Unfortunately, the U.S. did not reconsider the use of cluster munitions despite clear evidence of their horrific nature that continues to this day in South East Asia. According to Human Rights Watch, 61,000 aerial-delivered cluster munitions were released in Iraq in 1991, which represents a quarter of all bombs dropped. In 1999, NATO dropped 1,765 cluster bombs, containing 295,000 bomblets on Kosovo.
The Cluster Munition Coalition (CMC) recorded 13,000 cluster munitions being used in the first three weeks of the invasion of Iraq, in 2003. Between October 2001 and March 2002, according to Human Rights Watch (HRW), the U.S. dropped 1,228 cluster bombs containing 248,056 bomblets in Afghanistan.
These figures represent tremendous suffering for civilians in these countries.

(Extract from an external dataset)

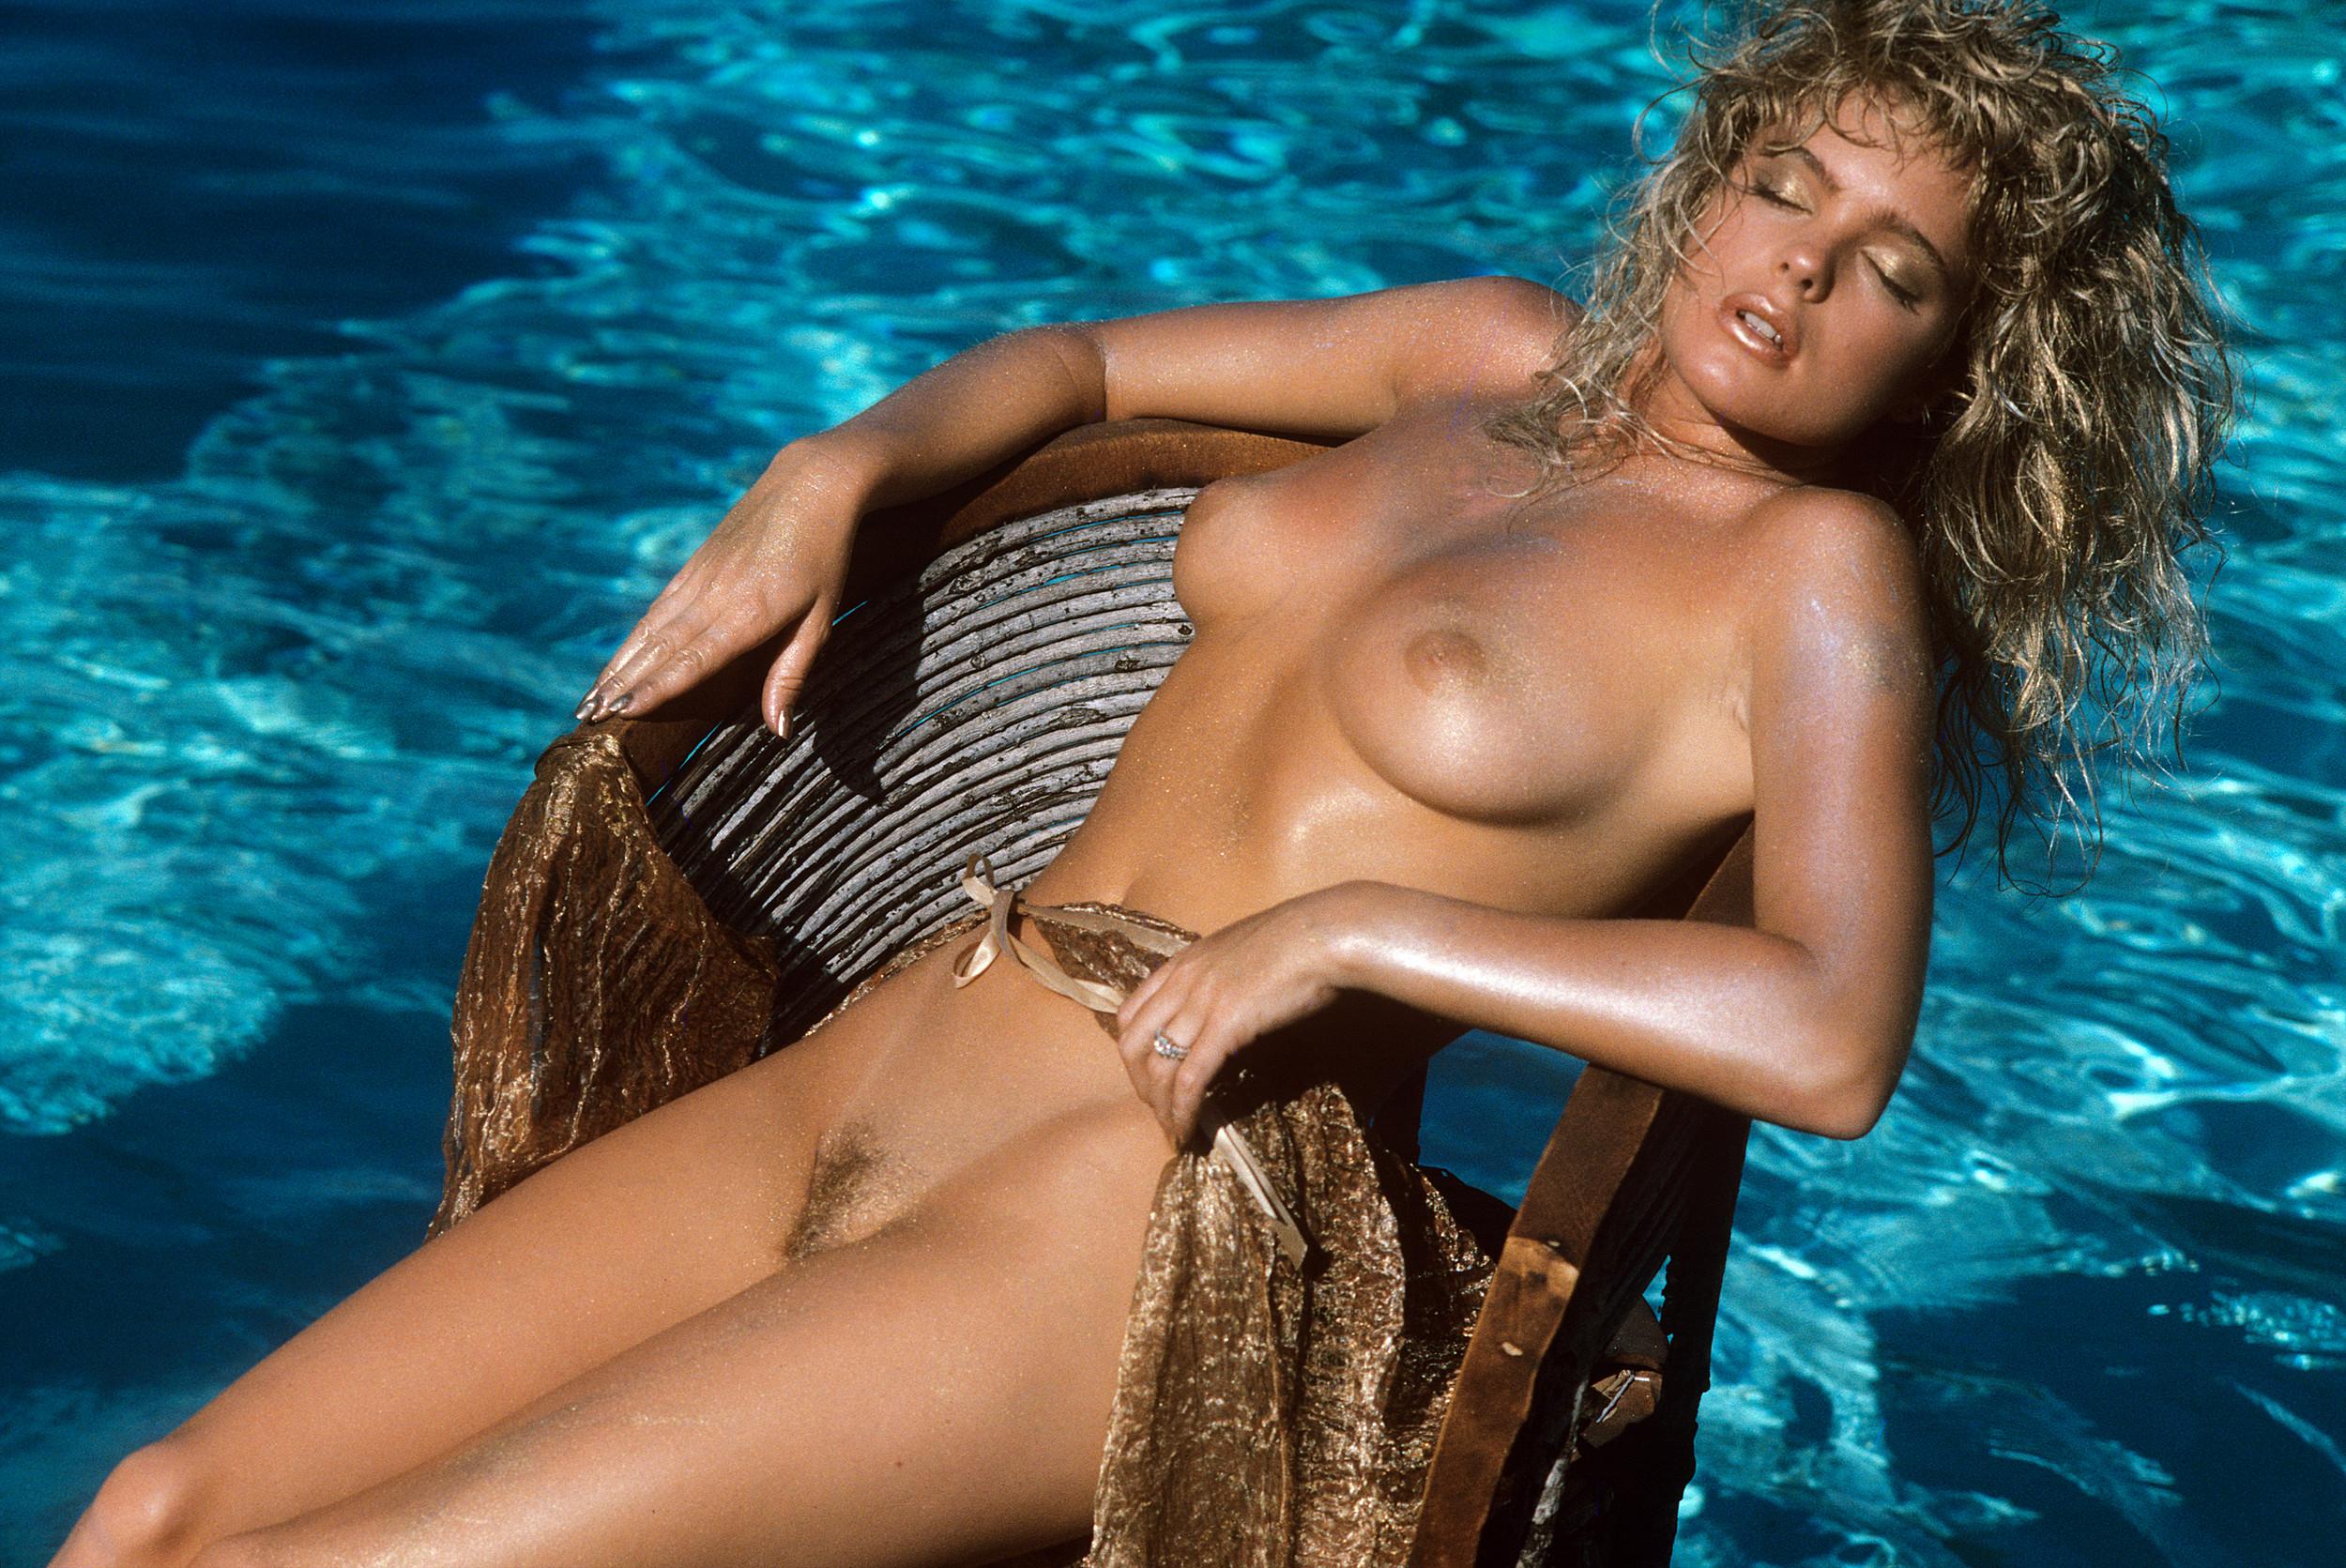 Erika Eleniak Nude Immagini Valutazione 87610-3131

The Red Cross reports that in Laos alone cluster munitions account for roughly 300 yearly casualties. Due to the shiny "toy" like nature of the bombs, children are prone to picking them up leading to death or severe handicaps. According to Handicap International, in Kosovo, 62.5 percent of the civilian victims in the year after the conflict (March 1999–August 2000) were boys under 18.
Ukrainian soldiers open fire using a U.S.-supplied M777 howitzer in Kherson region, January 9, 2023. /CFP
Various liberal public speakers have claimed that Moscow has used cluster munitions against Ukraine so the U.S. is now justified in supplying them to Ukraine. However, considering the U.S. has had no compunctions using these munitions in the past, this moral tit-for-tat argument holds no weight. Indeed, if it is true that Russia has been using cluster munitions, why has the U.S. not supplied these munitions long ago?
One answer is that it's not just Ukraine running short of munitions – the U.S. is too. As such, the supply of cluster munitions represents a cleaning out of old stock because thereares not enough new conventional weapons that can be supplied by the U.S. military-industrial complex.
Perhaps when there were enough conventional weapons, the U.S. didn't want to escalate the conflict. Using cluster munitions against Laos or an Afghan army is one thing but Moscow has teeth and can retaliate. So far, Moscow has denied the use of cluster munitions, which is plausible considering the Russians, relatively speaking, are hardly in dire straits. However, Putin has said he will review using cluster munitions depending on Ukraine's use of them.
Biden can justify the use of cluster munitions all he wants as a way to prevent the fall of a NATO-backed Ukraine, but the Russians, seeing a NATO push east as a threat to their integrity, feel morality is on their side in the conflict – certainly the conflict is on their border and Russia seeing it as an existential threat, will never back down. Thus, the risk of further escalation, either due to a Russian response or because cluster munitions represent the increasingly thicker wedge of U.S. escalation and immorality, which could tiptoe into justifying more extreme and immoral weapons in the future, is terrifying.
The facts are that Ukraine is low on munitions and evidently, the U.S. doesn't have the industrial capacity to fight a conventional war against a near equal any time soon (nor would it be desirable) – so why risk escalation?
Russia will never back down but it will negotiate. The democratic will of the entire global community, who fear escalation may lead to a grey rhino event, such as the use of tactical nuclear weapons and worse the ending of humanity, all desire peace. Consequently, recognizing this situation and that the use of cluster munitions is neither moral nor a pragmatic game changer, the U.S. must reconsider its actions and begin by taking practical steps, along with Russia, to de-escalate the Ukrainian conflict through any means necessary.